7. In the instant case, the suit was filed in the name of the firm as plaintiff No. 1. The partners of the firm joined as plaintiffs 2 to 6 in the suit. These partners, therefore, did not invoke the provisions of Rule 1 of Order XXX of the Code of Civil Procedure. They could file the suit even without impleading their firm as plaintiff. The decree, which has been passed by the appellate court below is in favour of all the plaintiffs. One of the plaintiffs respondents died during the pendency. It is a settled law that the court will not proceed with the appeal (a) when the success of the appeal may lead to the court coming to a decision which may be in conflict with the decision between the appellant and the deceased-respondent and, therefore, it would lead to the court's passing a decree which will be contradictory to the decree which had become final with respect to the same subject-matter between the appellant and the deceased-respondent, (b) when the appellant could not have brought the action for the necessary relief against those respondents alone who are before the court and (c) when the decree against a surviving respondent, if the appeal succeeds, be ineffective, that is to say, it would not be successfully executed. If any one of these tests is satisfied the court may dismiss the appeal, see Pardip Srichand v. Jag-dish Prasad Kishan Chand, AIR 1966 SC 1427. In the absence of the legal representatives of the deceased-respondent the appellate court cannot determine anything between the appellant and the legal representatives which may affect the rights of the legal representatives under the decree. The effect of the abatement of an appeal is that the decree between the appellant and the deceased-respondent becomes final and the appellate court cannot, in any way, modify that decree directly or indirectly.

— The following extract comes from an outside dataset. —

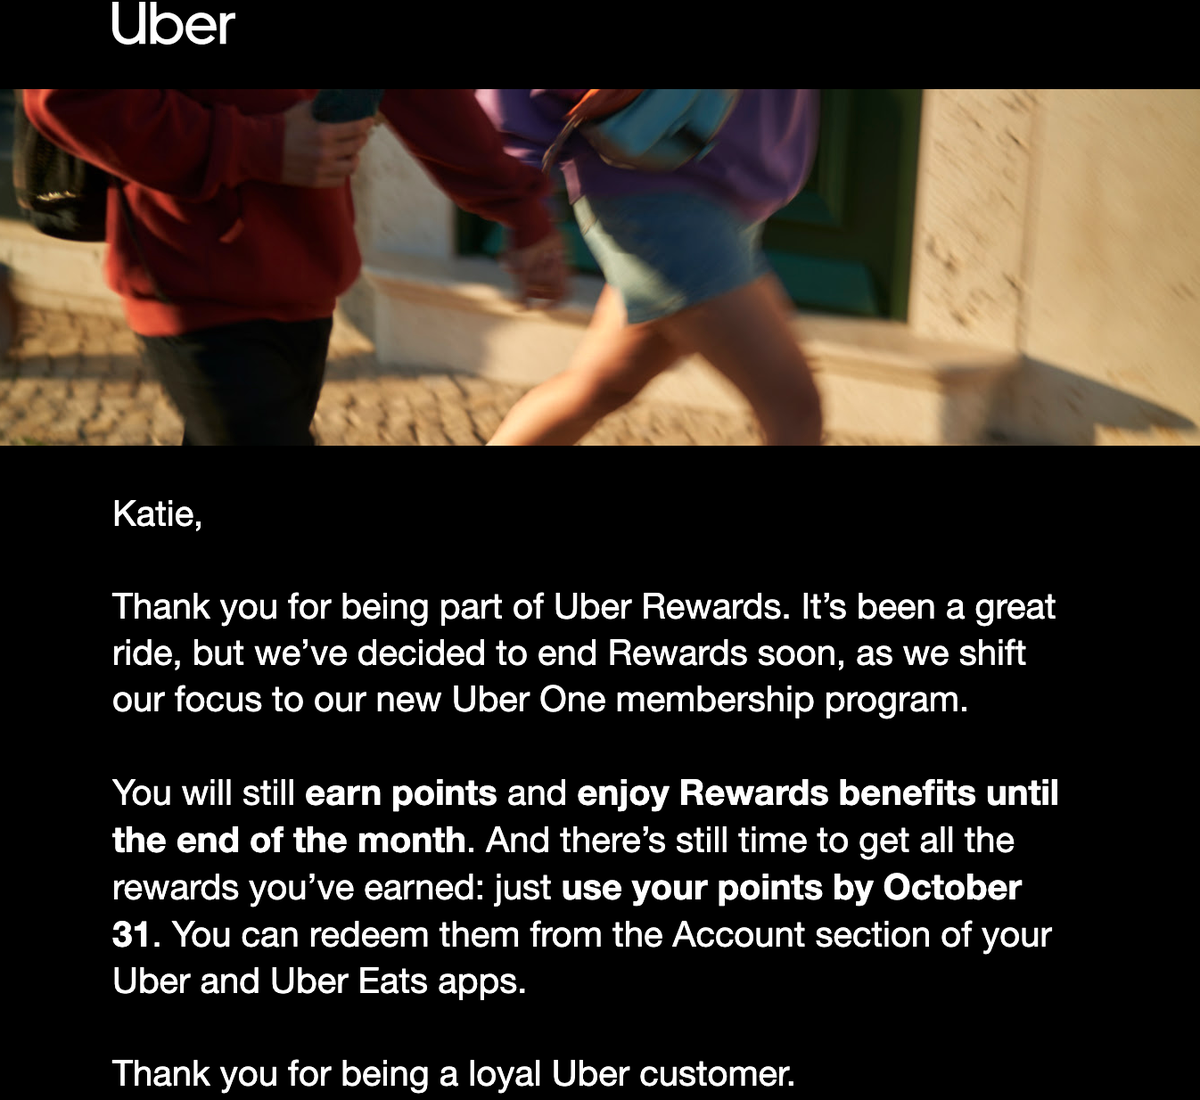 Email from Uber about Uber Rewards

8. In the present case Mohan Lal Agarwal, the plaintiff No. 2 obtained a decree from the appellate court below against the defendant-appellant. Since the legal representatives of Mohan Lal Agarwal deceased have not been substituted in this appeal the decree in favour of Mohan Lal Agarwal has become final. The decree passed by the appellate court below is a joint decree in favour of all the plaintiffs and is indivisible inasmuch as it proceeds on a ground common to all the plaintiffs. The interests of the surviving respondents 3 to 6 and the deceased-respondent No. 2 were joint and indivisible. The impugned decree having become final so far as Mohan Lal Agarwal was concerned, the success of the appeal would lead to the passing of a decree which would be inconsistent and contradictory to the decree which has become final with respect to the same subject-matter between the appellant and the deceased-respondent. The first test mentioned heretofore is, therefore, satisfied. That being so, the appeal cannot be proceeded with and is to be dismissed.
9. The appeal is accordingly dismissed. In the circumstances of the case, I make no order as to costs.